Ana Maria Zago Vasconcelos (CRB-6/1181) é uma dessas profissionais que sintetizam, com firmeza e paixão, o que há de mais genuíno na biblioteconomia brasileira. Formada pela Universidade Federal de Minas Gerais (UFMG) em 1982, ela atravessou tempos e transformações. Da chegada dos microcomputadores à era das bibliotecas virtuais, sempre guiada pela disposição de aprender, se reinventar e exercer a profissão com excelência.
Sua trajetória teve início em Belo Horizonte, em uma biblioteca universitária que já se destacava por adotar sistemas informatizados, algo ainda raro no início dos anos 1980. Enquanto o país ainda lidava com fichários e catálogos manuais, Ana Maria se familiarizava com as tecnologias emergentes que redesenhariam o futuro das bibliotecas.
Mas foi em Araxá, no interior de Minas Gerais, que construiu seu maior legado. Por mais de vinte anos, esteve à frente da biblioteca pública da cidade, transformando o espaço em um centro cultural ativo e pulsante. Projetos de leitura mobilizavam a comunidade local, ao mesmo tempo em que ela também atuava na biblioteca do Colégio São Domingos, aprofundando-se no universo da literatura infantojuvenil, num momento em que nomes como Harry Potter ganhavam força entre os jovens leitores.

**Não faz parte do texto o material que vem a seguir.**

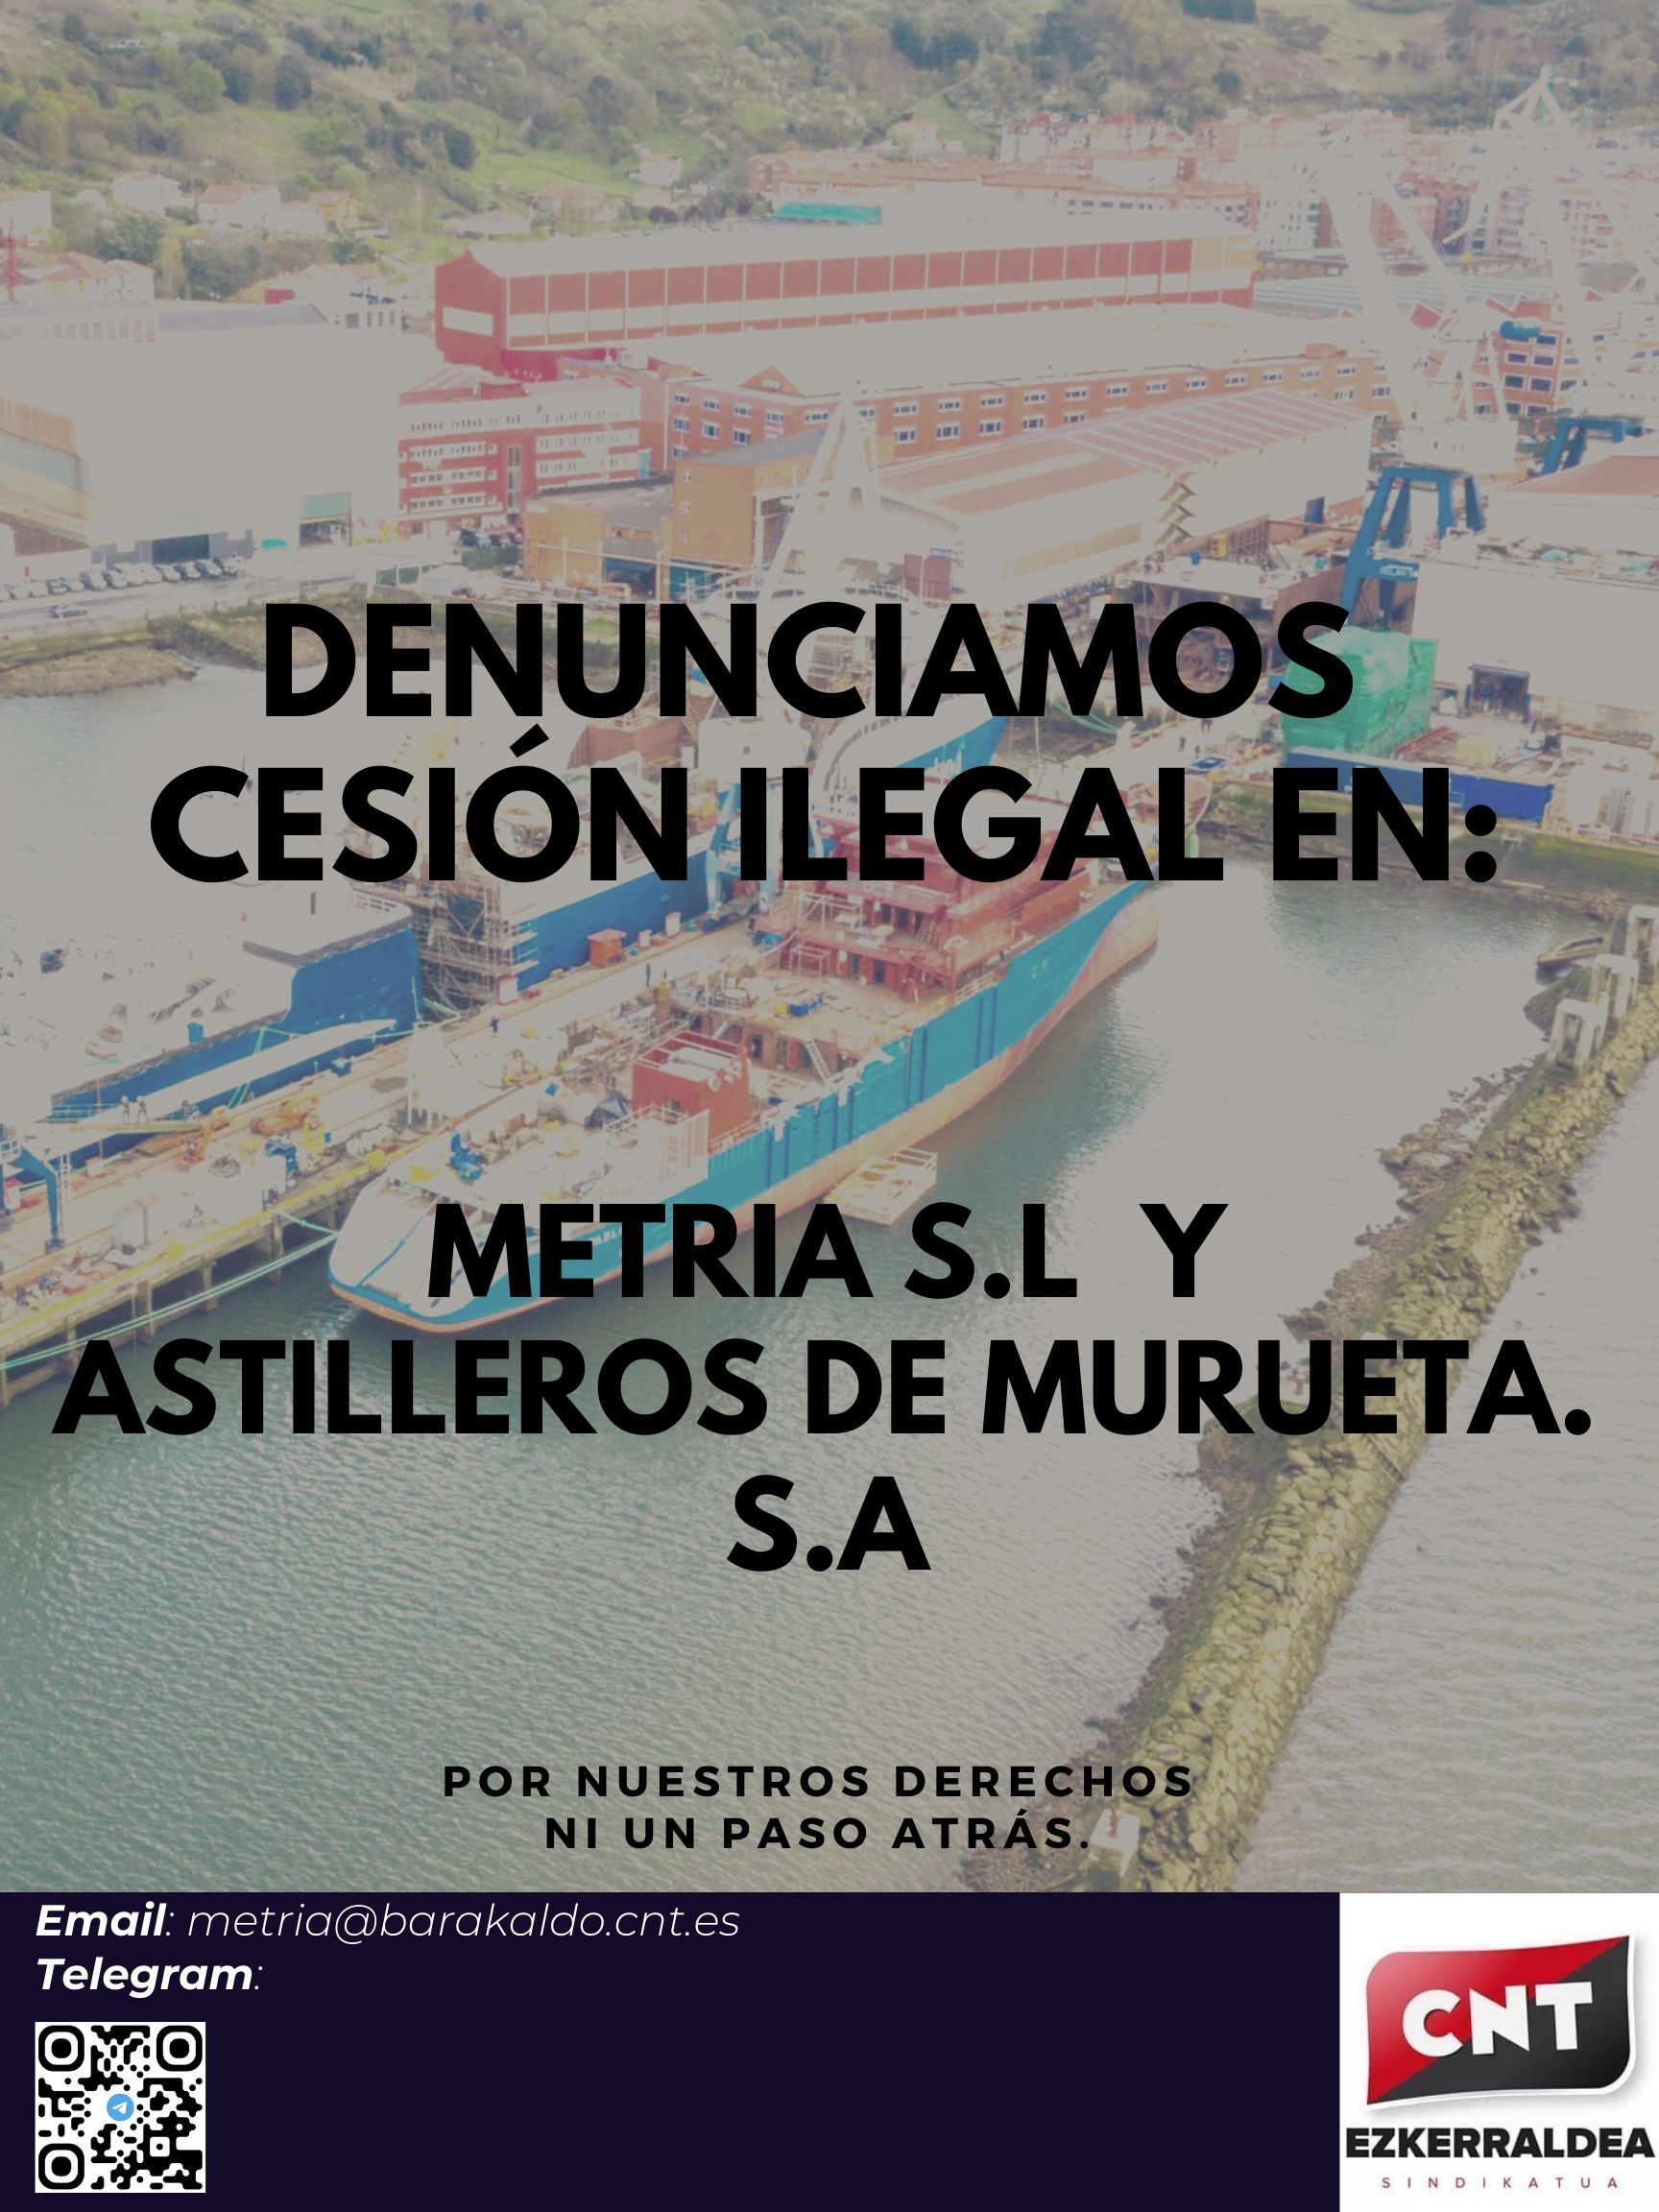 La Sección Sindical de CNT demanda a Metalúrgica La Ría y Astilleros Murueta por cesión ilegal de trabajadores

Com o tempo, vieram novos desafios. Aceitou atuar em instituições de ensino superior, mergulhando na gestão de documentos eletrônicos e no universo das bibliotecas digitais. “Foi um mundo novo, mas que me instigou a buscar mais. Me especializei, estudei muito e me apaixonei pelo trabalho com acervos digitais”, relata.
Hoje, Ana Maria segue em plena atividade. Divide seu tempo entre consultorias e projetos inovadores. Recentemente, assumiu a gestão da biblioteca física e das bibliotecas virtuais do Instituto Educacional do Alto Paranaíba, em Araxá, uma conquista viabilizada após a atuação firme do Conselho Regional de Biblioteconomia 6ª Região (CRB-6), que reforça a importância da presença do Bibliotecário nos espaços educacionais.
Mesmo aposentada, Ana Maria não se distancia das inovações da área. “A tecnologia muda o tempo todo. Quem não acompanha, fica para trás”, afirma. Seu olhar permanece atento às publicações especializadas, aos cursos e às discussões mais atuais sobre inteligência artificial e bibliotecas digitais. Ela continua aprendendo. Todos os dias.
Ligada ao CRB-6 desde os tempos de graduação, reconhece a importância da entidade para a valorização da profissão. “É um órgão essencial, principalmente para garantir o nosso lugar. Em muitas situações, como essa mais recente, foi decisiva a presença do CRB-6”, ressalta.
Com quatro décadas de atuação e uma inquietação que não se esgota, Ana Maria Zago Vasconcelos representa o que há de mais inspirador na biblioteconomia: o compromisso com o conhecimento, com a transformação social e com a valorização de uma profissão que continua indispensável.